How to Improve Patient Experience in DCTs

September 24, 2021

When the pandemic hit, patient access fell by 80%, causing the clinical trial industry to adapt quickly with virtual, local clinics and in-home visits. Many of the changes brought on by decentralized clinical trials (DCTs) improved the patient experience, such as greater control, convenience, and time-saving.

However, the expansion of DCTs has not been without challenges, and ensuring a positive patient experience becomes even more critical with DCTs. In part two of our DCT blog series, we share insight from research studies and our recent webinar on achieving DCT success.

Offer Greater Optionality

Madeline Geday, ERT Senior Director and Head of Patient Engagement, says it’s important to provide participants with options. For example, if a patient isn’t comfortable with a handheld device, alternative options like accessing paperwork or trial visits in person should be offered.

“DCTs as a whole are about flexibility and being able to meet the patients where they are,” said Geday. “That’s what we’re driving toward is being able to give patients the flexibility and the option to conduct those clinical trials where they are.”

For others, having support in person may be preferred. Juliet Hulse, Senior Director of Global Research, Nurse Strategy and Patient Advocacy at Illingworth Research Group, agreed, speaking on optionality from a site perspective.

“I think the ability to have a nurse onsite with patients does add some comfort to both patients and sponsors,” said Hulse, adding that utilizing a home health nurse to guide patients along is a good solution for any hesitation with DCTs.

Use Simple & Supportive Technology

While many patients embrace telehealth, technology can be a barrier for others less familiar with these innovations. In virtual trials, patients use devices provided to them (which they most likely have no prior experience with) or their current devices in new or unfamiliar ways – some struggle to operate devices correctly, which can lead to frustration.

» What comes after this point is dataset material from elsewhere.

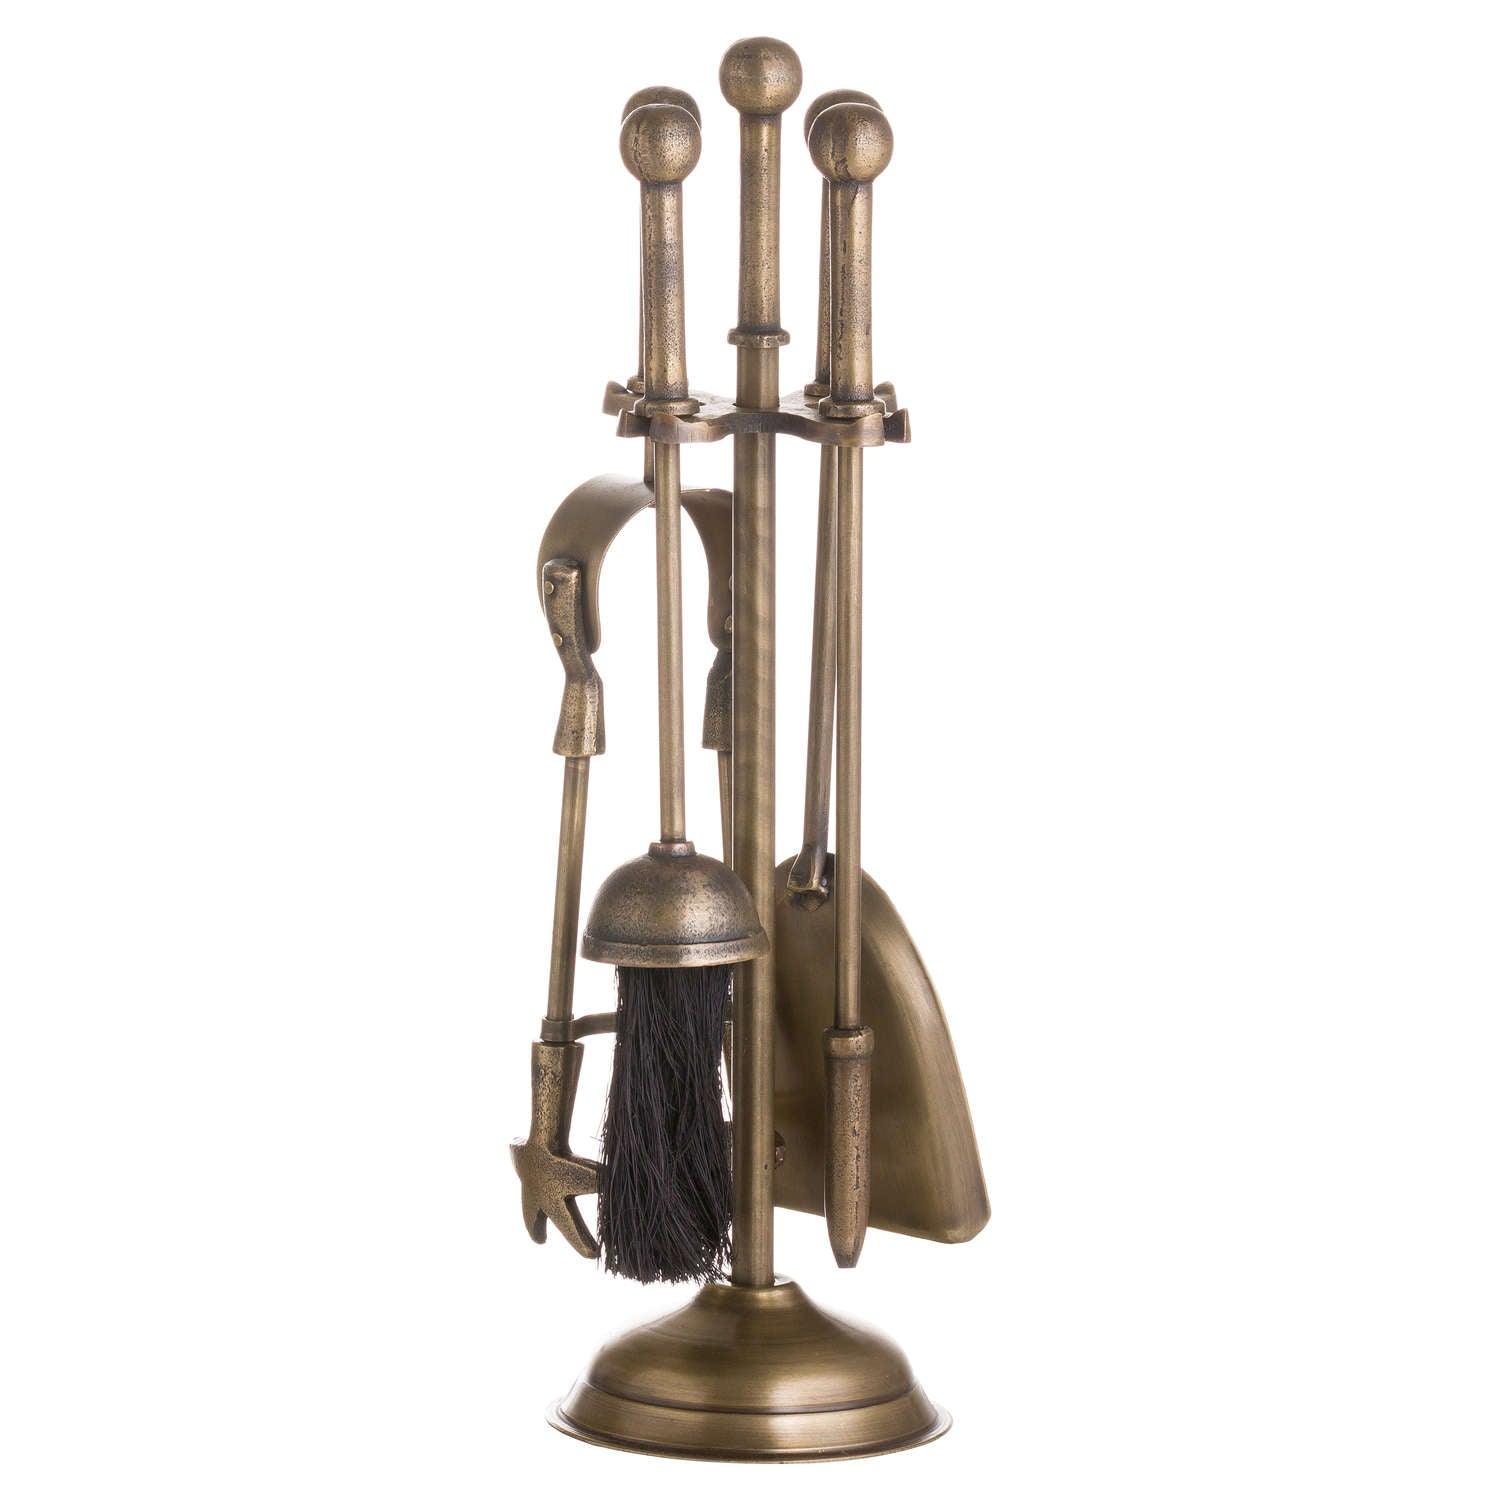 Ball Topped Companion Set In Antique Brass - Vookoo Lifestyle

Gregory Tuyteleers, Global Lead Decentralized Clinical Trials at Janssen, says it’s important to consider various aspects when designing tech-heavy trials. He recommends participants use one device to view their visit schedules, access a help desk, and log their data.
“These integrated platforms are most successful for patients,” said Tuyteleers. “It should become a one-stop-shop.”

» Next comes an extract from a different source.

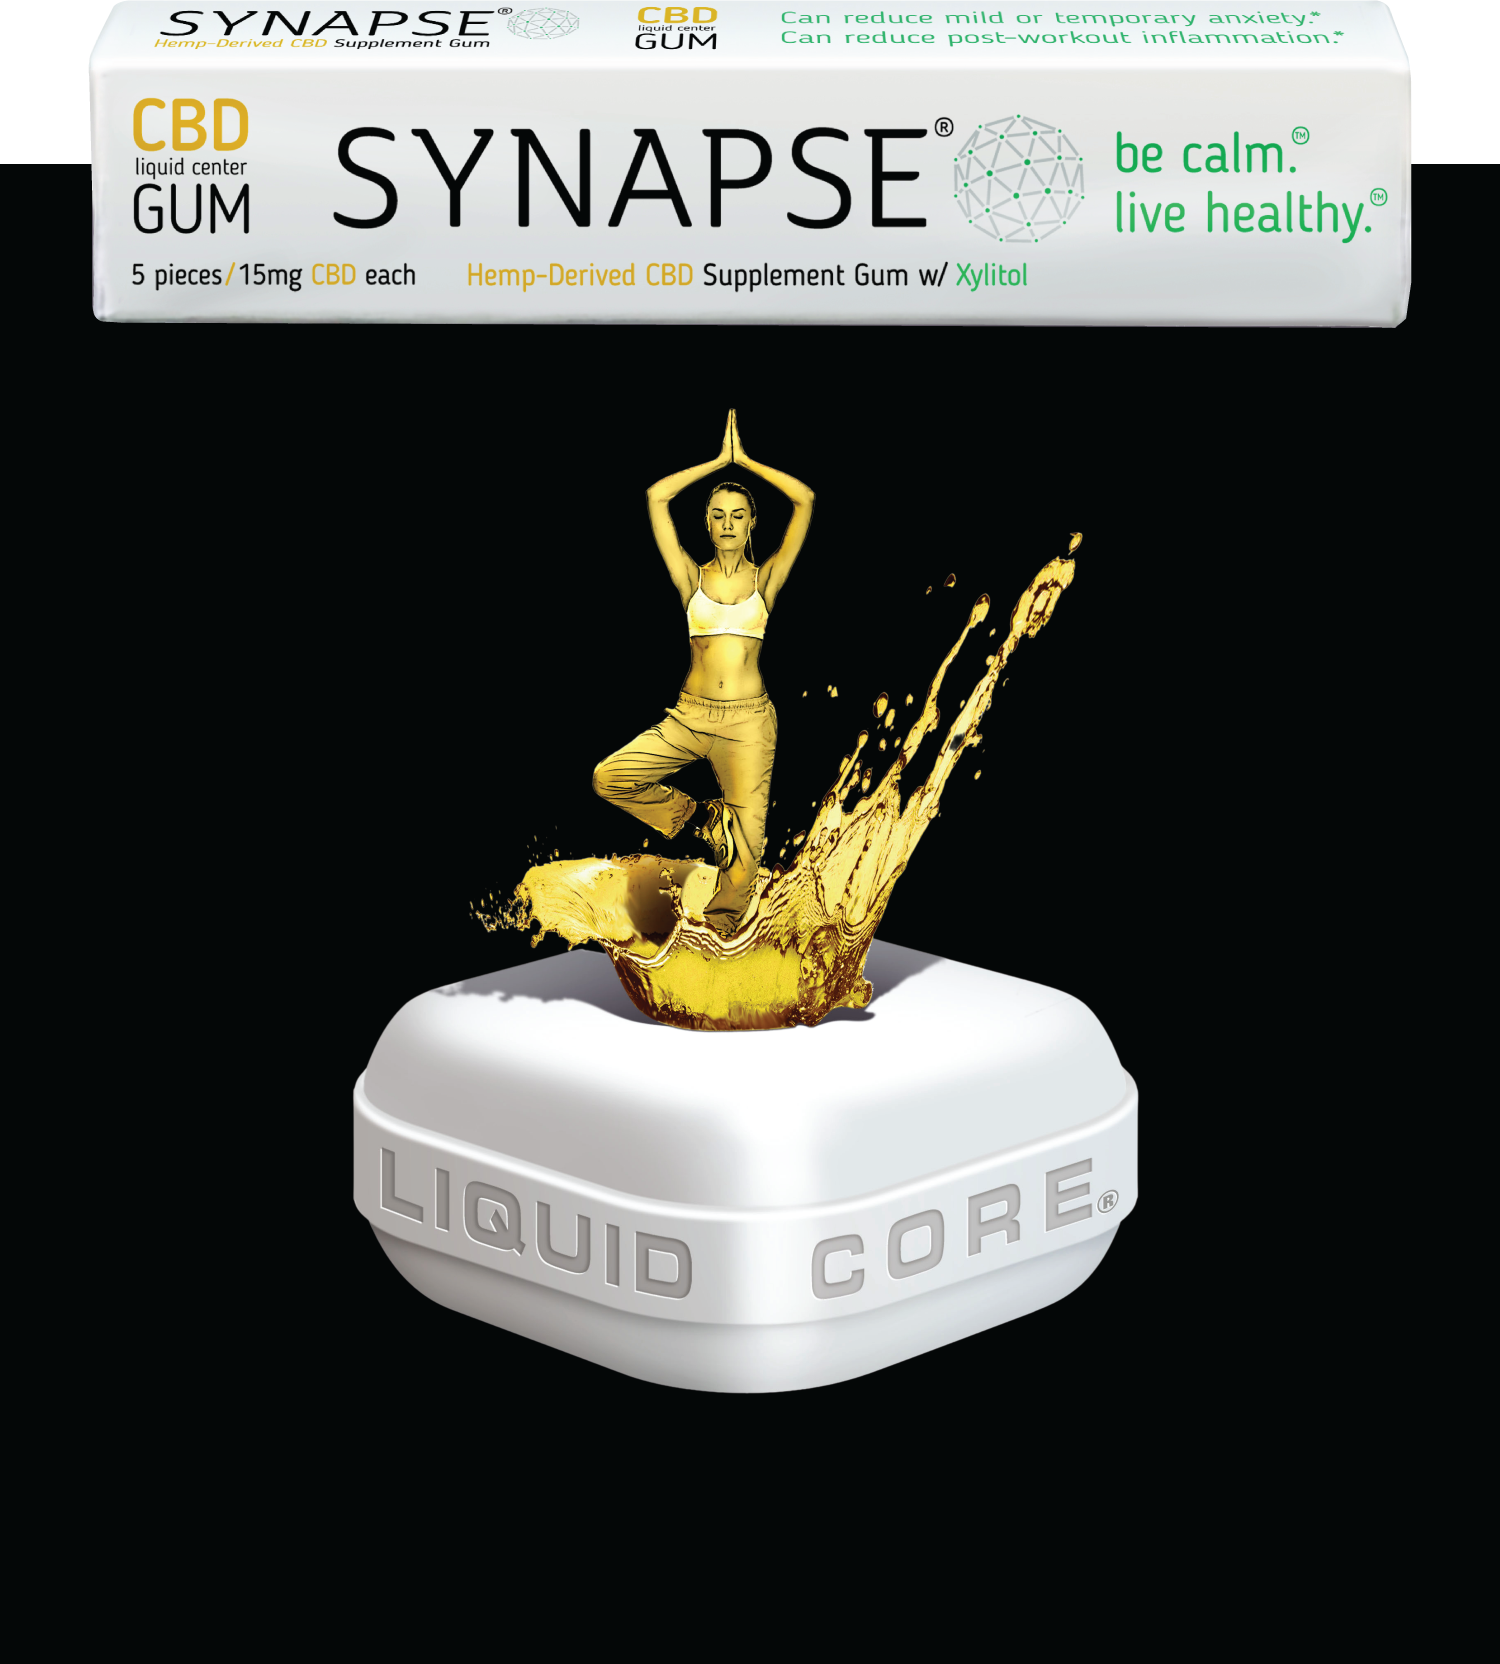 synapse gum pack with a piece of liquid core gum with woman doing a yoga pose coming out of the center

Patients will also benefit from interactive training and support to ensure they use unfamiliar devices correctly in the home. Asking specific questions of any technology partner, such as whether they have training materials or a 24/7 global support hotline, is essential to driving DCTs.

Provide Remote Support For Positive Patient Experience

Maintaining exceptional patient experience from afar can be challenging. While DCTs have many benefits, some might find a lack of in-person experience threatens the personal aspect of the doctor-patient relationship.

“You still want to have that emotional contact with the patients,” said Hulse, adding that patients sometimes feel more comfortable working with “a nurse or somebody that they can still have that support and emotional attachment with.”
Study set-up and training support can prepare patients for at-home activities, such as registration and triaging issues, which often occur outside regular business hours.

“We’re trying to provide guidance and get the support into the home,” said Geday. “We want to make sure that when we are implementing DCTs, we’re not leaving patients high and instead ensuring they are comfortable to be able to conduct the trial on their own.”